Webtask, Wikipedia and Slack.

Whilst playing around with webtask I thought it would be a fun idea to create a little project which, when providing the webtask with a keyword, posts a message to slack containing the first paragraph of actual content from wikipedia.

Webtask is quite a fun technology to play around with. In essence, it is running a node-server remotely on which code is ran when an HTTP call is made. We do not set up the server ourselves, so in that regard you can think of it as a 'serverless' application. We only write the code, deploy it using webtask, and access it through our browser.

If you know how to program for node.js, you know how to program for Webtask. To find out which node modules are supported, there is a handy website. Browsing around here it did seem like most of the frequently used node modules, and with almost 1K modules at the time of writing, plenty is supported.

The goal of this project is rather simple, though it can be considered more of a 'PoC' rather than an actual implementation of this idea. I did not set up a slack bot for this, but you can assume that it is made for such bots.

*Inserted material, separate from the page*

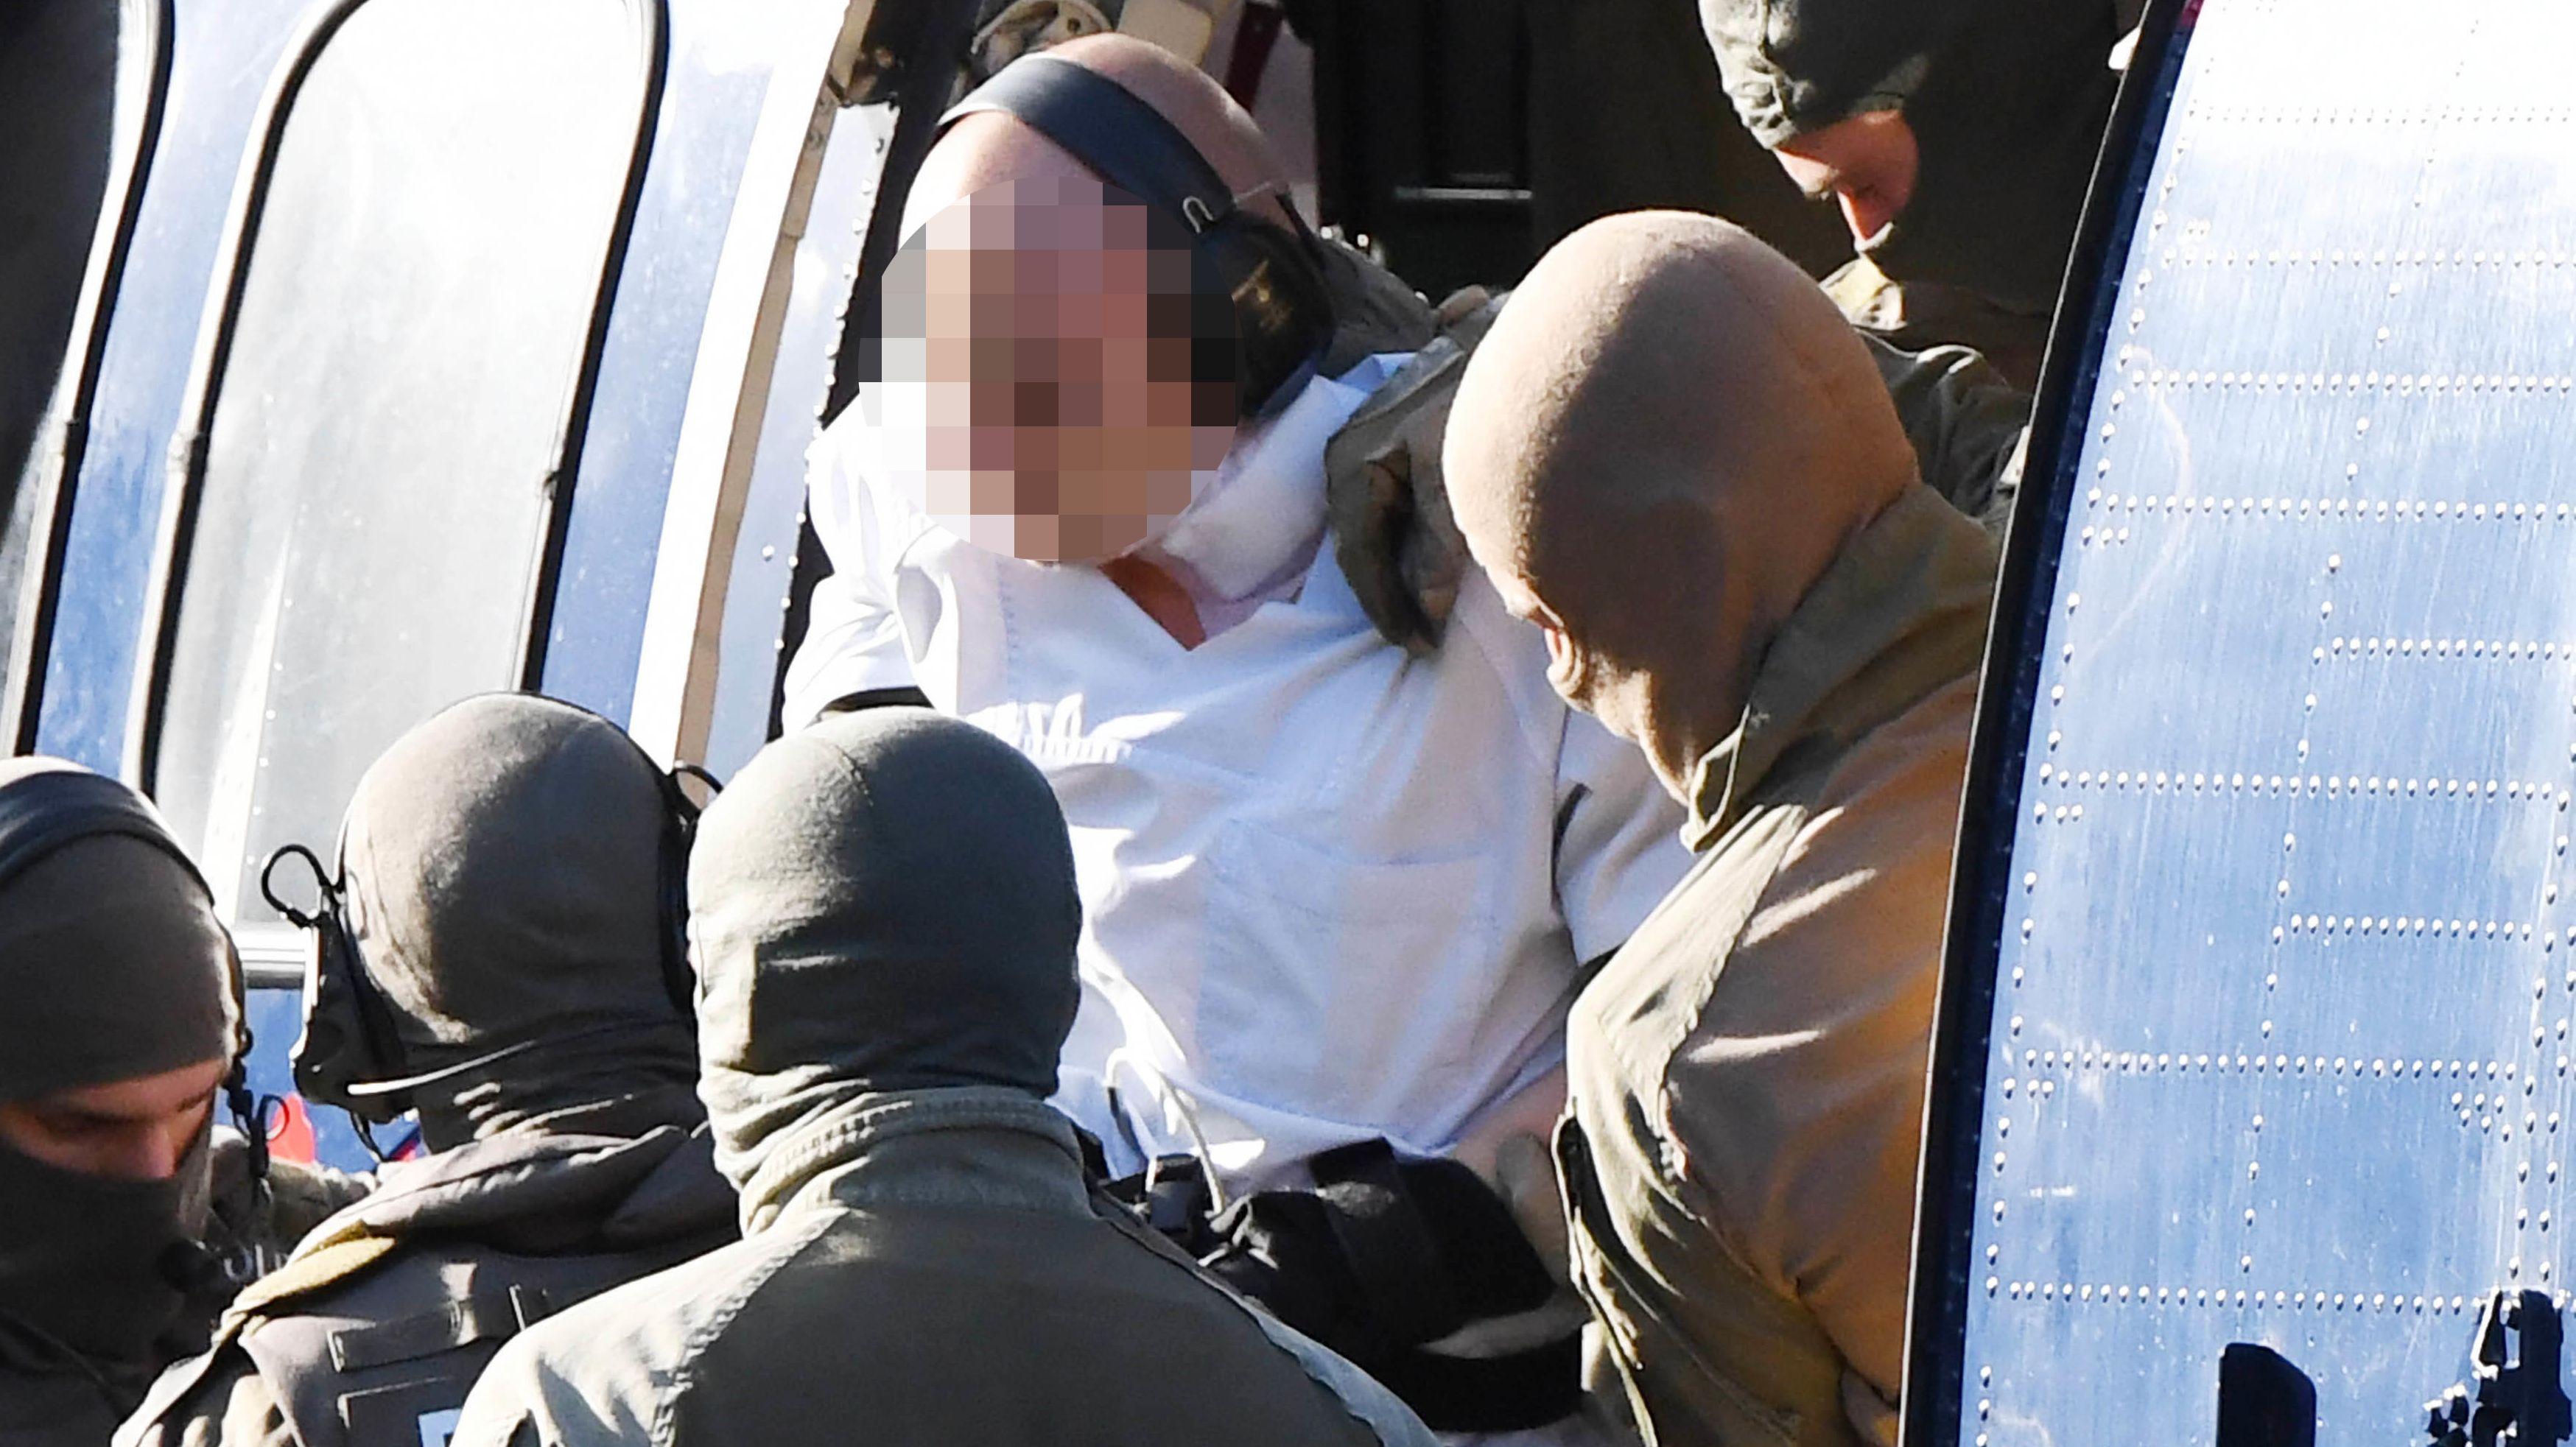 Karlsruhe: Mutmaßlicher Attentäter von Halle wird von Polizisten aus einem Hubschrauber gebracht

When a user would write something akin to

@wikibot Database

a request would be made to our webtask, which posts in the slack channel the first paragraph of wikipedia, with a link to the full article.

Webtask has a great guide on getting started, so if you have not done so yet I'd recommend reading it and following the steps outlined there. Once you have your first Webtask project set up, you're good to go.

We are going to require two modules for this.

  • request
  • cheerio

Request will be used to create a POST and GET request, to slack and wikipedia respectively. Cheerio will be used to parse the HTML content from the wikipedia page, and filter for the information we want to push to slack.

With this information we can write the GET request we need for wikipedia using both these modules.

function getWikiInfo(keyword)
{
    console.log("getting wikipedia information");
    var wikiURL = 'https://en.wikipedia.org/wiki/' + keyword;

    console.log("fetching information from: " + wikiURL);

    request(wikiURL, function(error,response,body){
	if(!error && response.statusCode == 200){
	    var $ = cheerio.load(body);
	    var wikiInfo = $("#mw-content-text > p").first().text();

	    // we post this to slack, but add a link to the origin as well.
	    wikiInfo += " *... read more:* " + wikiURL.replace(' ', '%20');
	    slackPost(wikiInfo);
	}
    });
}

Don't worry about the 'keyword' parameter at this point. This is passed with the Webtask URL we will use, which will become clear at the end of the post. As you can tell, we get some Keyword for wikipedia, which can be any valid wikipedia search. e.g: Donut, Homer Simpson or Dogs.

Next we look for the first paragraph in the HTML we get back using cheerio. Afterwards, we add some of our own content to this paragraph, which includes the slack markdown formatting so the '... read more: url' will be better visible inside slack.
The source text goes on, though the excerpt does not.